I haven’t spent July 4 on the Southport waterfront in 12 years. My grandparents sold the beach house on Oak Island when I was in high school. I have been back to the island twice since then, and only once for an overnight trip. On that particular trip, I was relieved to find that the house was still there. I was sad to see the unfamiliar sedan parked in the unpaved driveway. My mom, grandmother, Taylor, and I stayed in a friend’s condo on the Intracoastal Waterway half a mile from the old house. I had a migraine the night we drove to Southport to sit on the swings a stone’s throw from the picnic table that still had my name carved into the top in block letters and found my 6-year-old sister’s constant chattering unbearable. I yelled at her a lot. During a moment of temporary sanity, though, I took a picture of the others sitting together on the swing. It is in a frame in my guest room today. I keep the door to that room closed most of the time, but sometimes I’ll walk in there just to look at that picture. In it, T’s strawberry-blonde hair is long. As always, she is in pink. She can clearly see me standing there with the camera pointed at her, and she is looking at me. Her feet don’t touch the ground. Almost exactly one year later, she will be diagnosed with Batten disease.

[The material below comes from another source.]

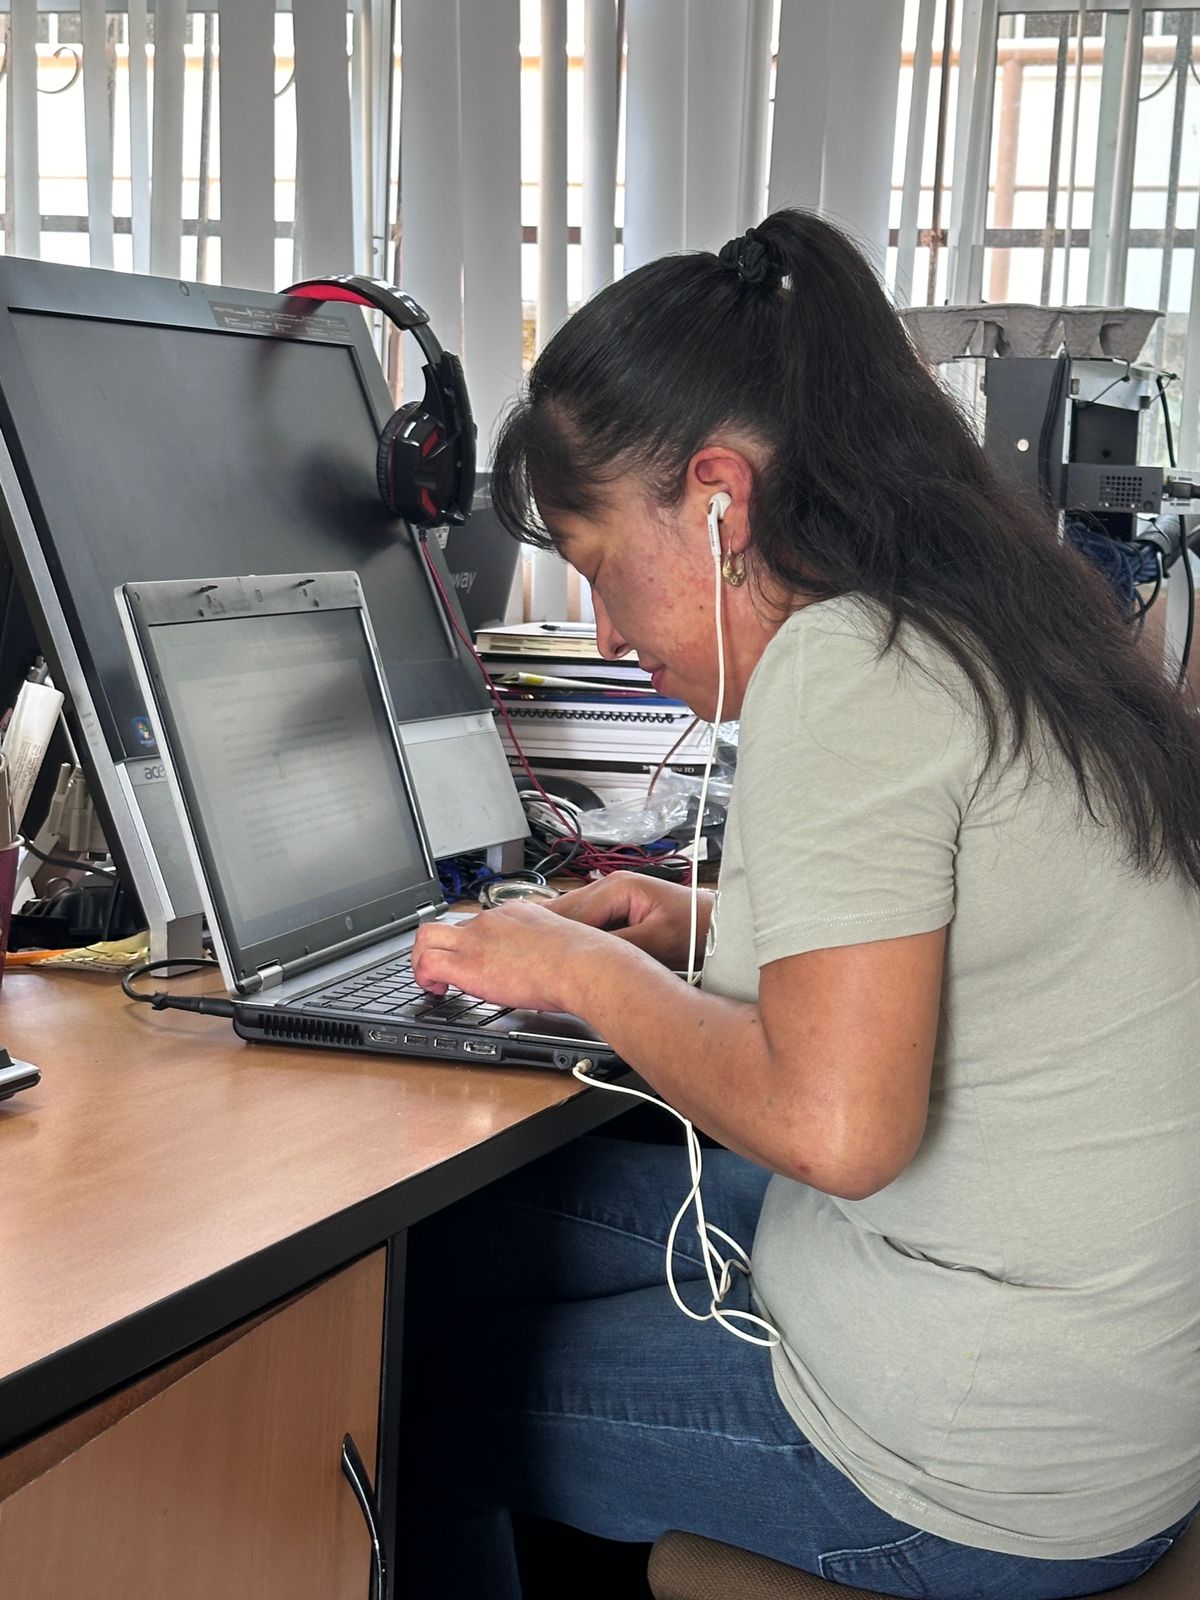 Una persona sentado frente a una computadora Descripción generada automáticamente con confianza media

A neurodegenerative disease is, in a way, like the passage of time. I have faith that there will be always something new to look forward to. After all, I met my husband around the time we sold the beach house. My mom had Taylor the last summer we spent there – a memory cemented by the picture of her very pregnant on the couch in the sun room. I met some of my closest friends on campus in Chapel Hill years later.

Time, though, while promising the creation of new happy memories, strips some of the old ones away. Since Taylor was diagnosed with Batten disease in the summer of ’06, I have lost my great-grandmother, worried constantly about my grandfather’s failing physical health and the unimaginable stress my parents have to endure, watched degenerative brain disease tighten its long-held grip on one of my grandmothers and spring a sudden, forceful, rapidly moving attack on the other. Meanwhile, Batten, in its own dreadful way, has systematically robbed my beautiful little sister completely of sight, to some degree speech and to great degree happiness. Time has a way of washing away many of the painful memories, but sometimes it also steals from us the memories that are most beautiful, like pulling petals off a rose.